Dataset extract:
▽
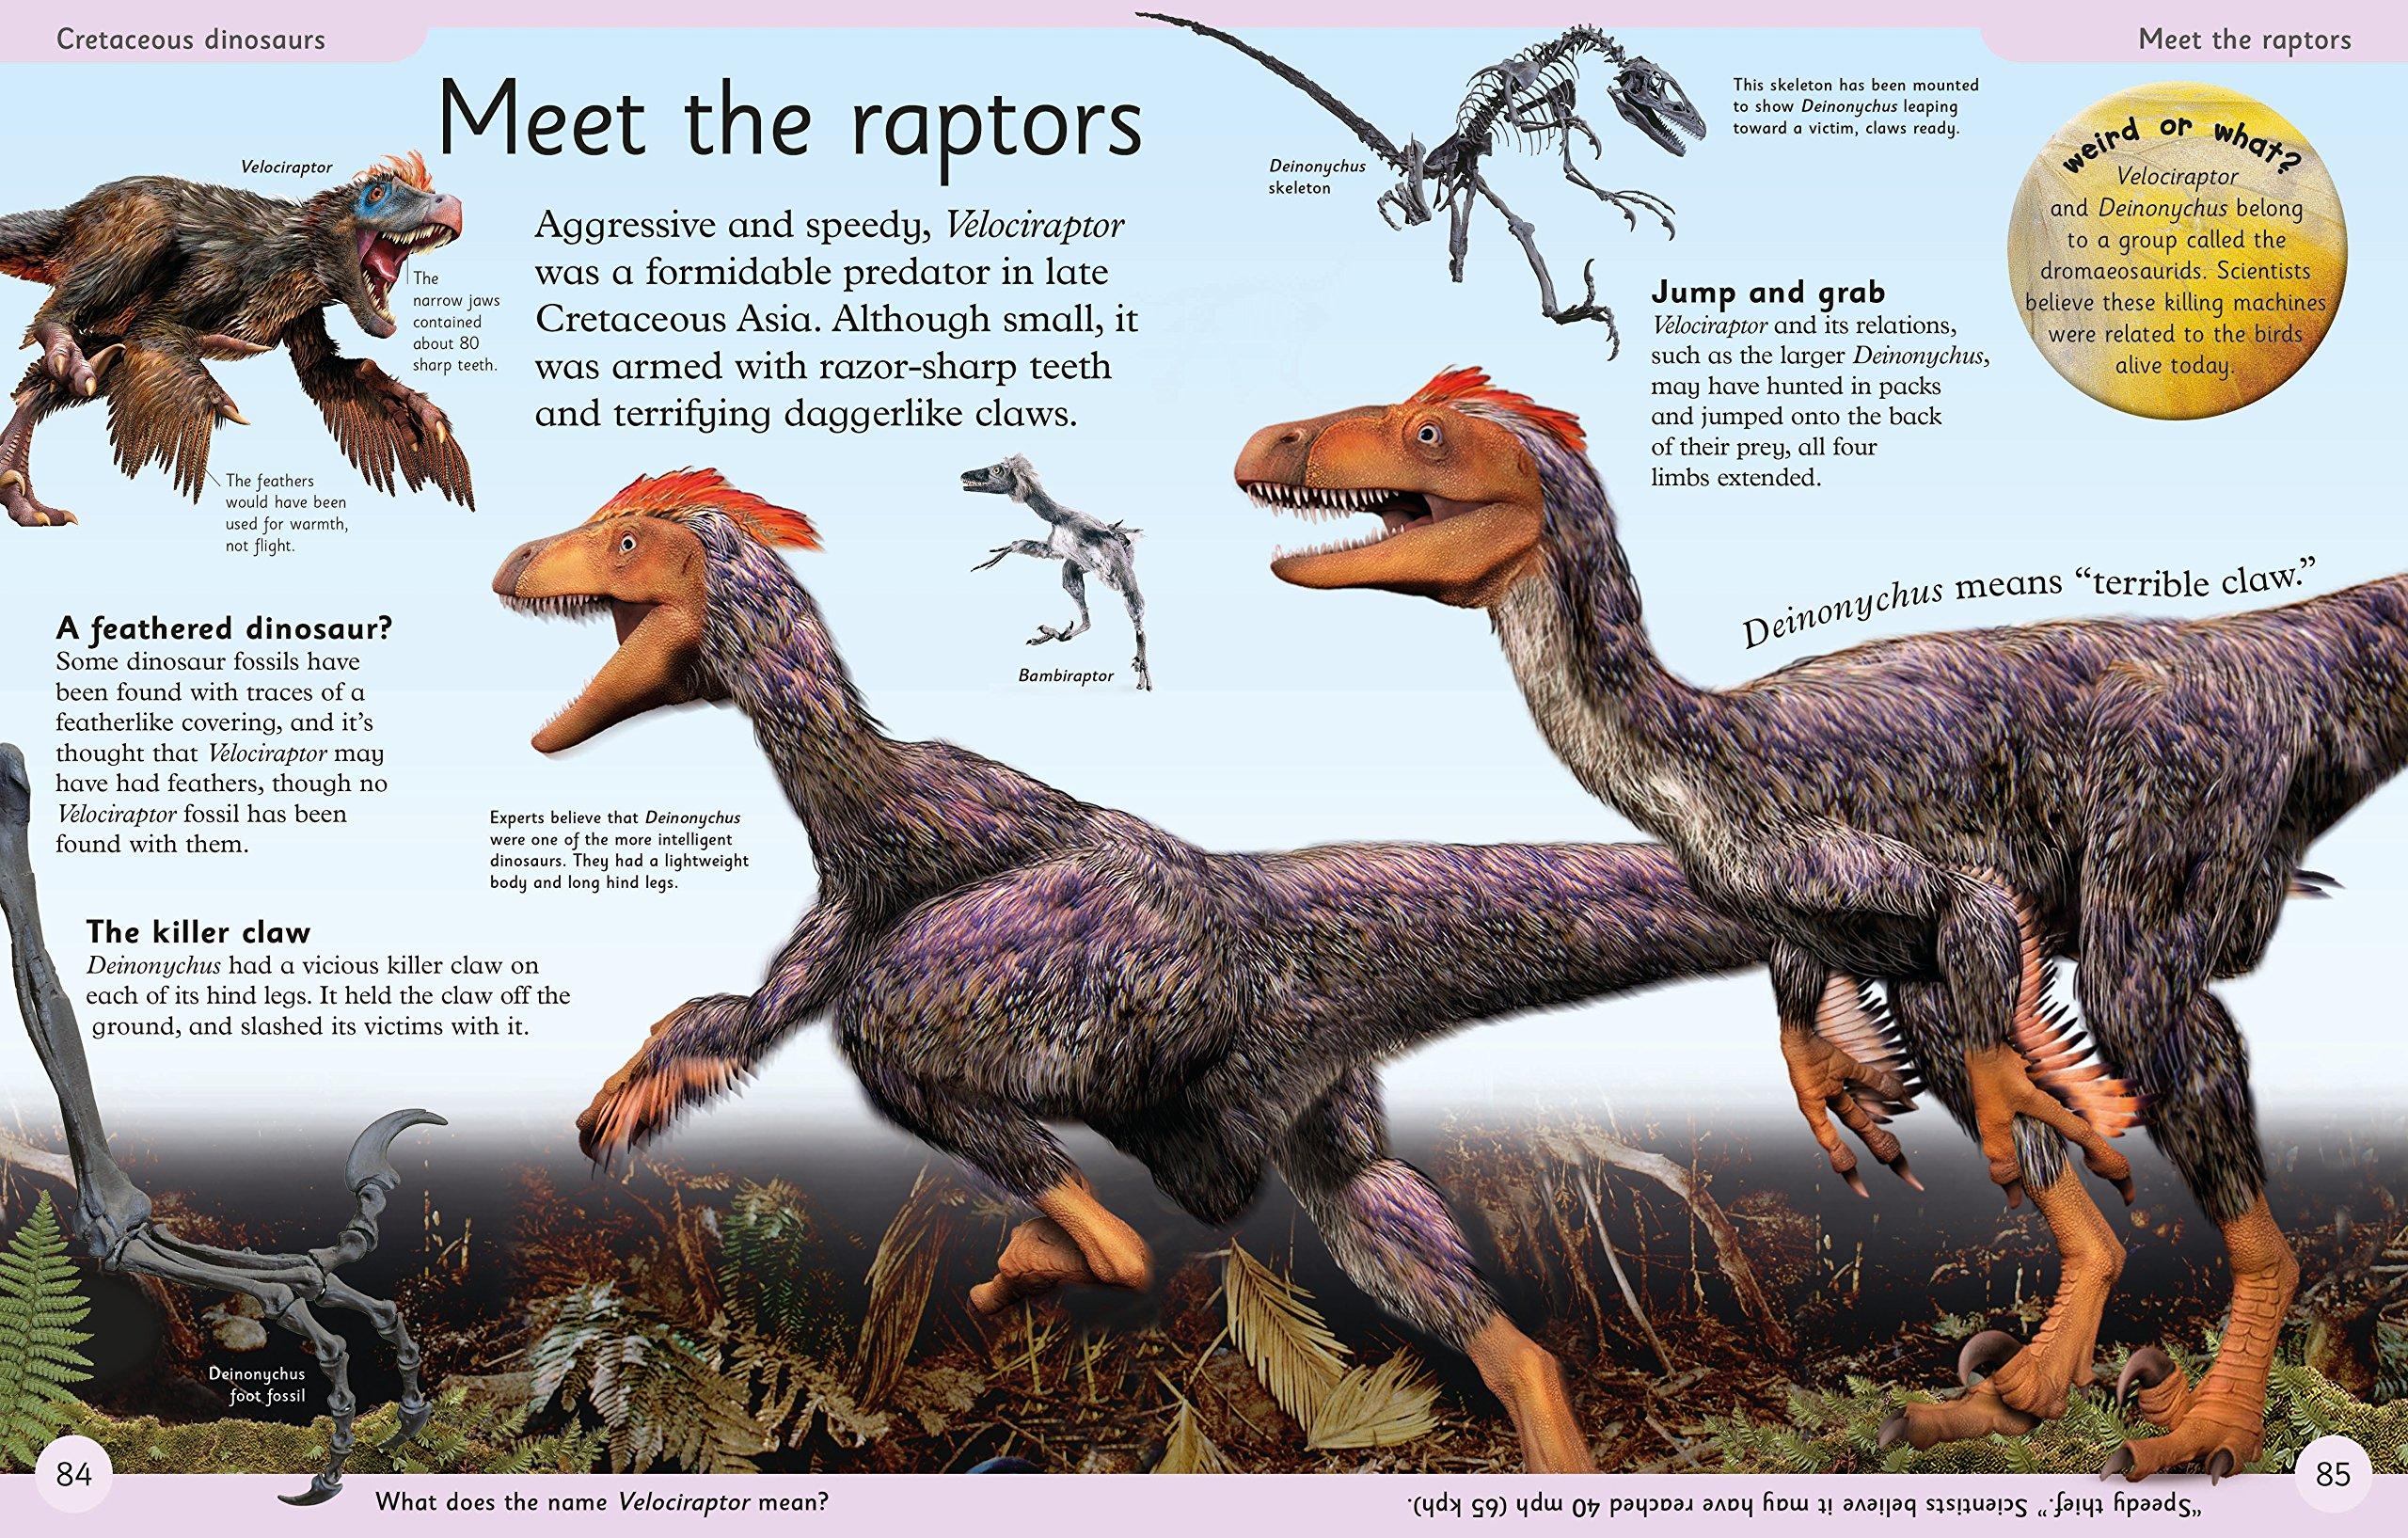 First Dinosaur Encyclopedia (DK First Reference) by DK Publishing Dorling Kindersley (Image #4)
△
▽
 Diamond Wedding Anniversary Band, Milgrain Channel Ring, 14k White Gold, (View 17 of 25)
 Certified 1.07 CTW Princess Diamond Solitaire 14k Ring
△
▽
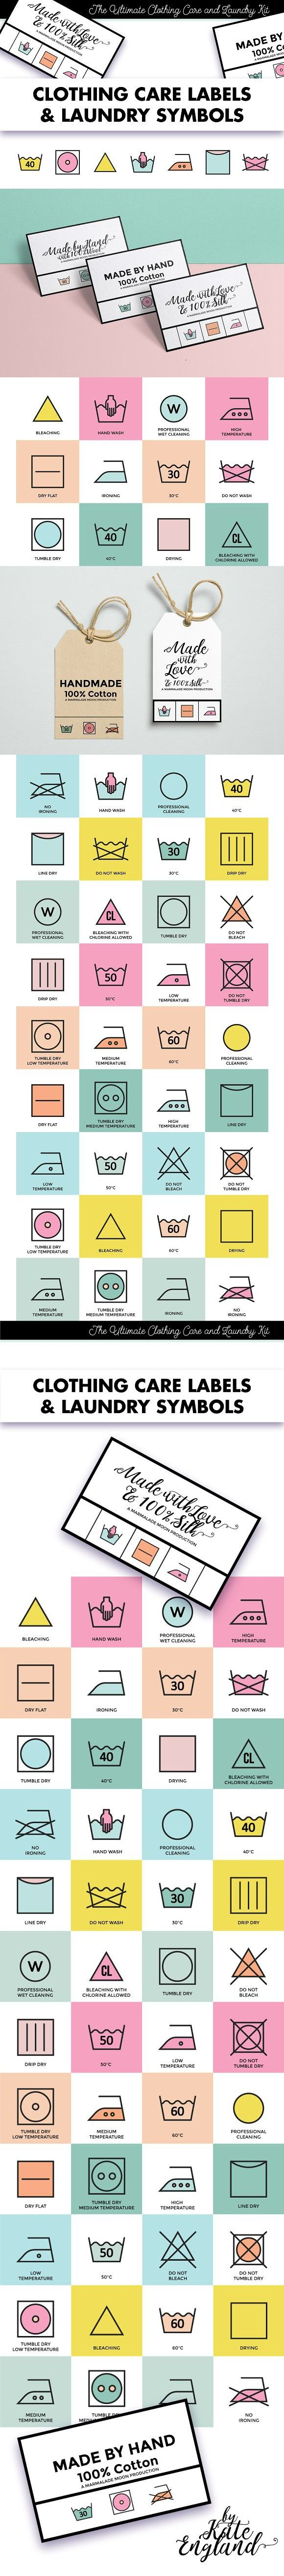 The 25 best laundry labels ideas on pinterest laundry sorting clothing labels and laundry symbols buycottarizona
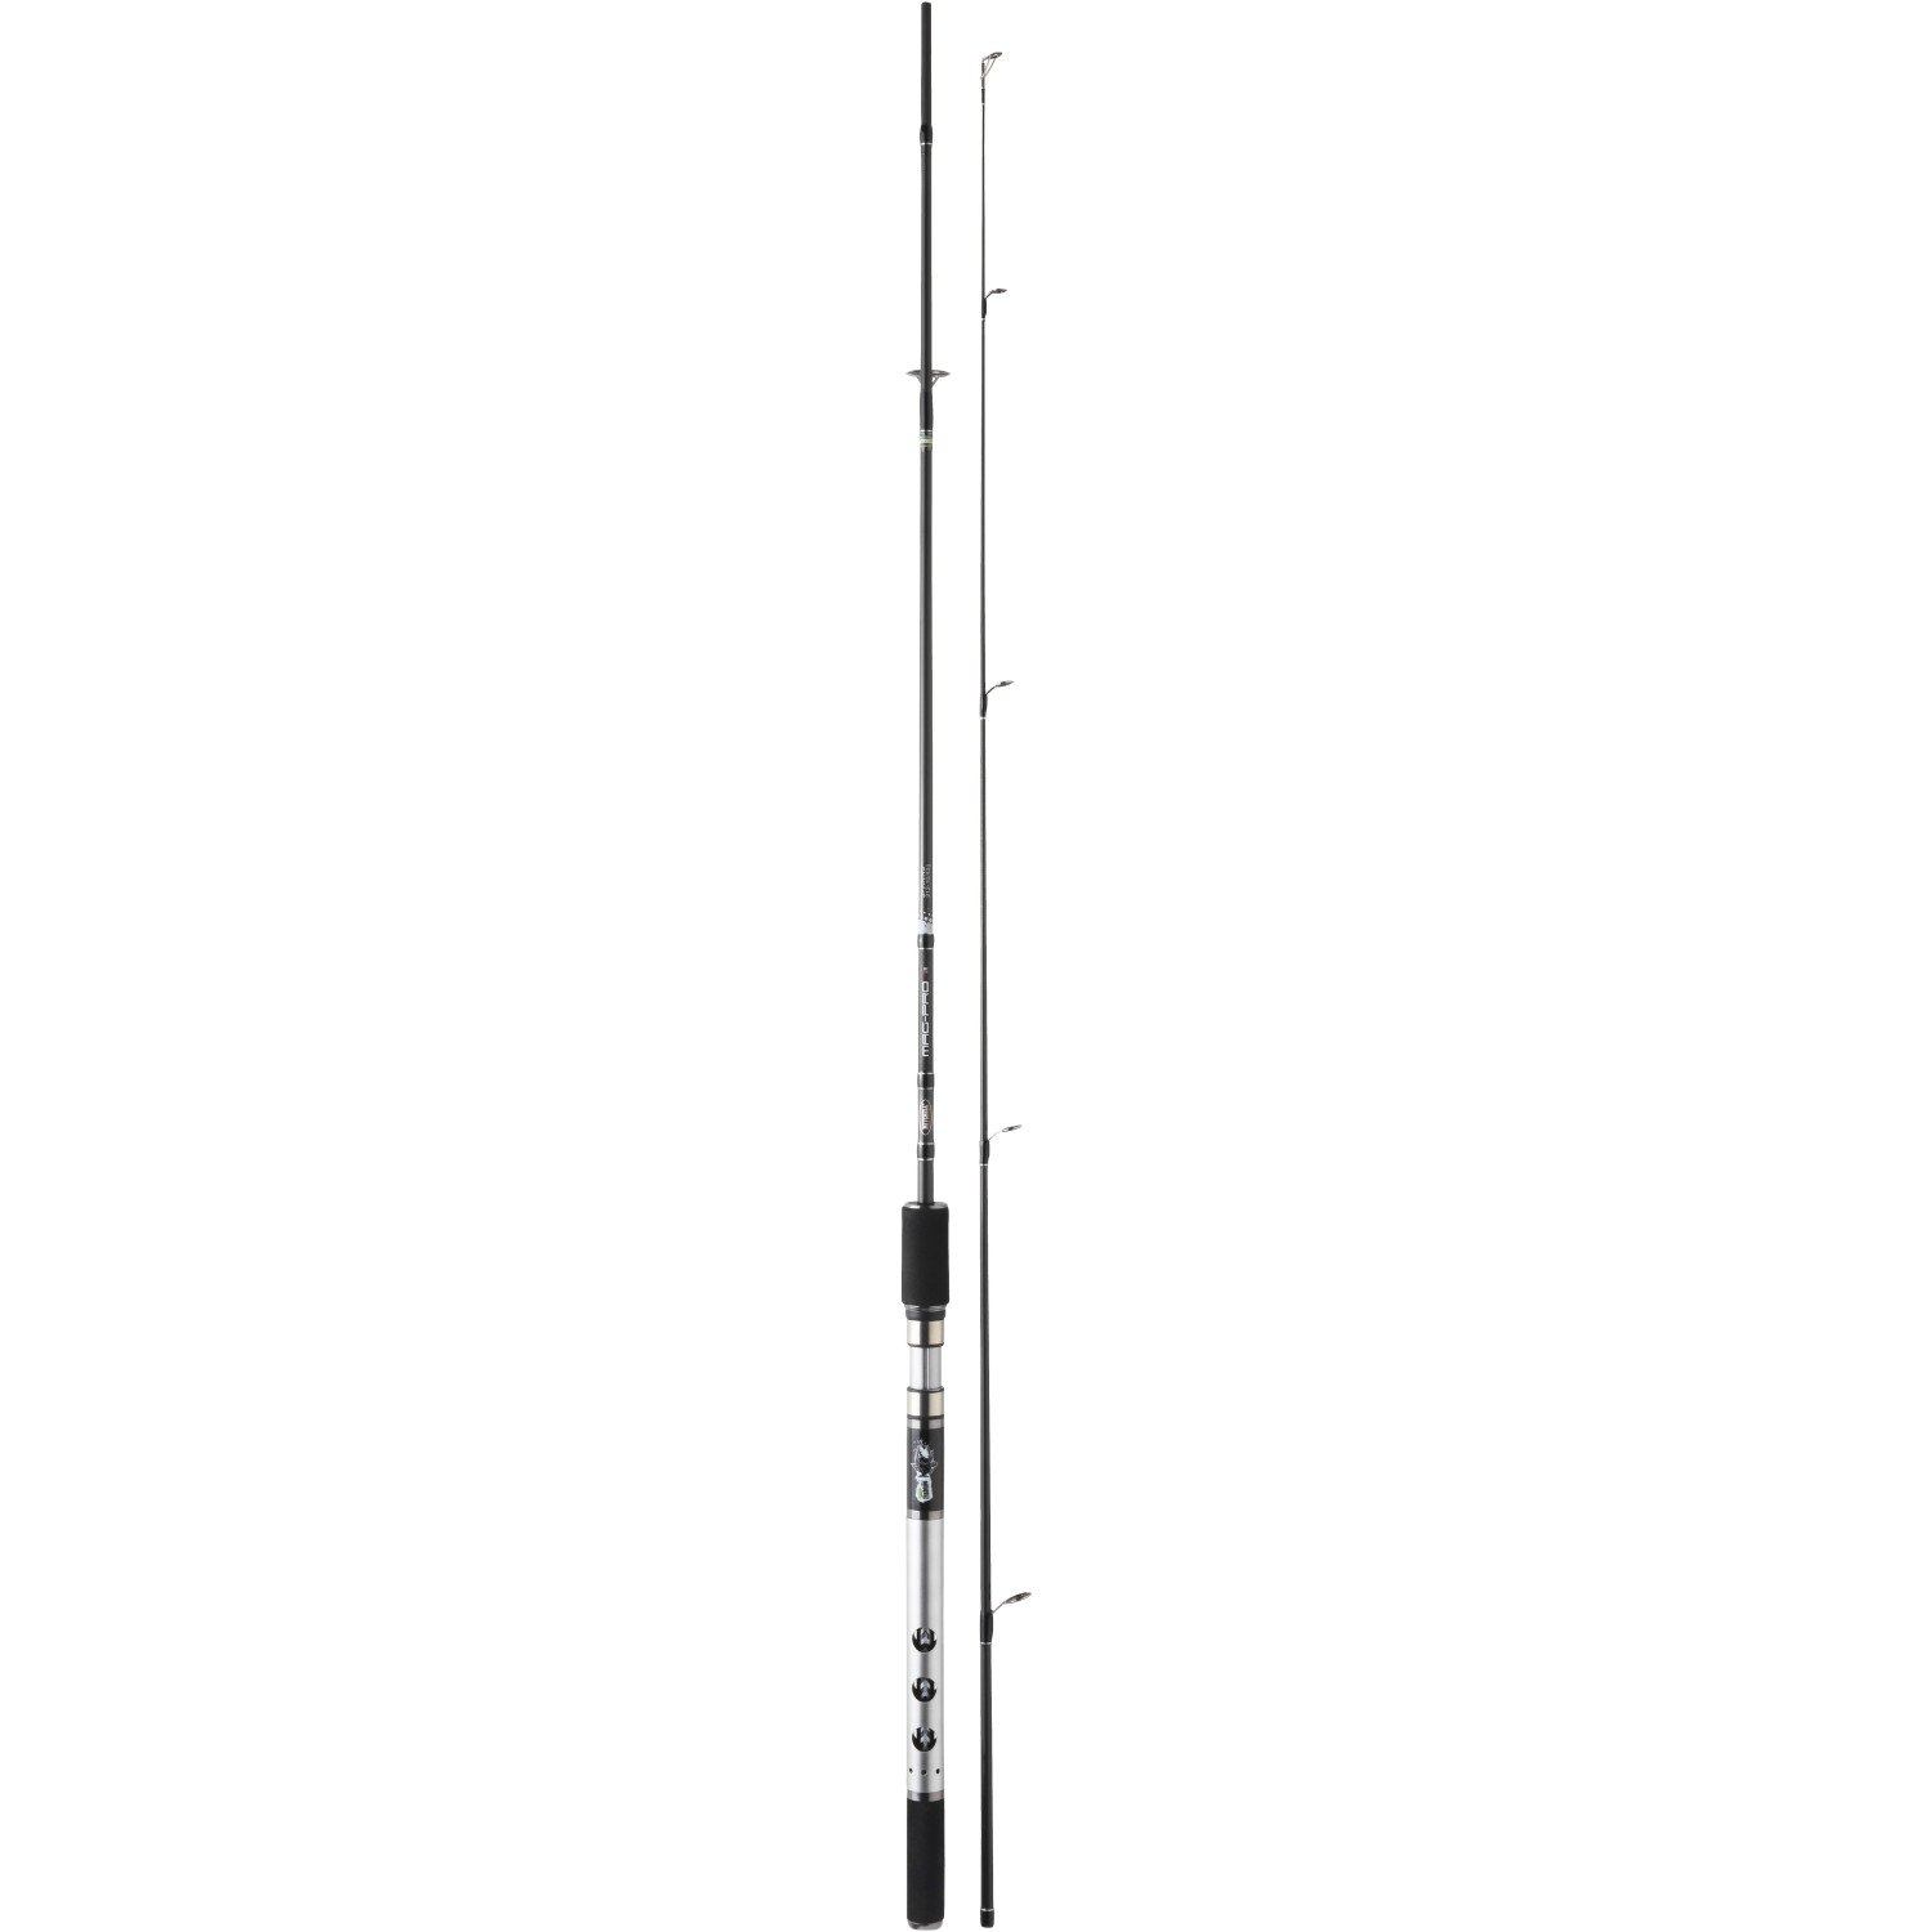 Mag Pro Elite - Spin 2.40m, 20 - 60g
△
Write out each line above with the word "Ring".

 Diamond Wedding Anniversary Band, Milgrain Channel Ring, 14k White Gold, (View 17 of 25)
 Certified 1.07 CTW Princess Diamond Solitaire 14k Ring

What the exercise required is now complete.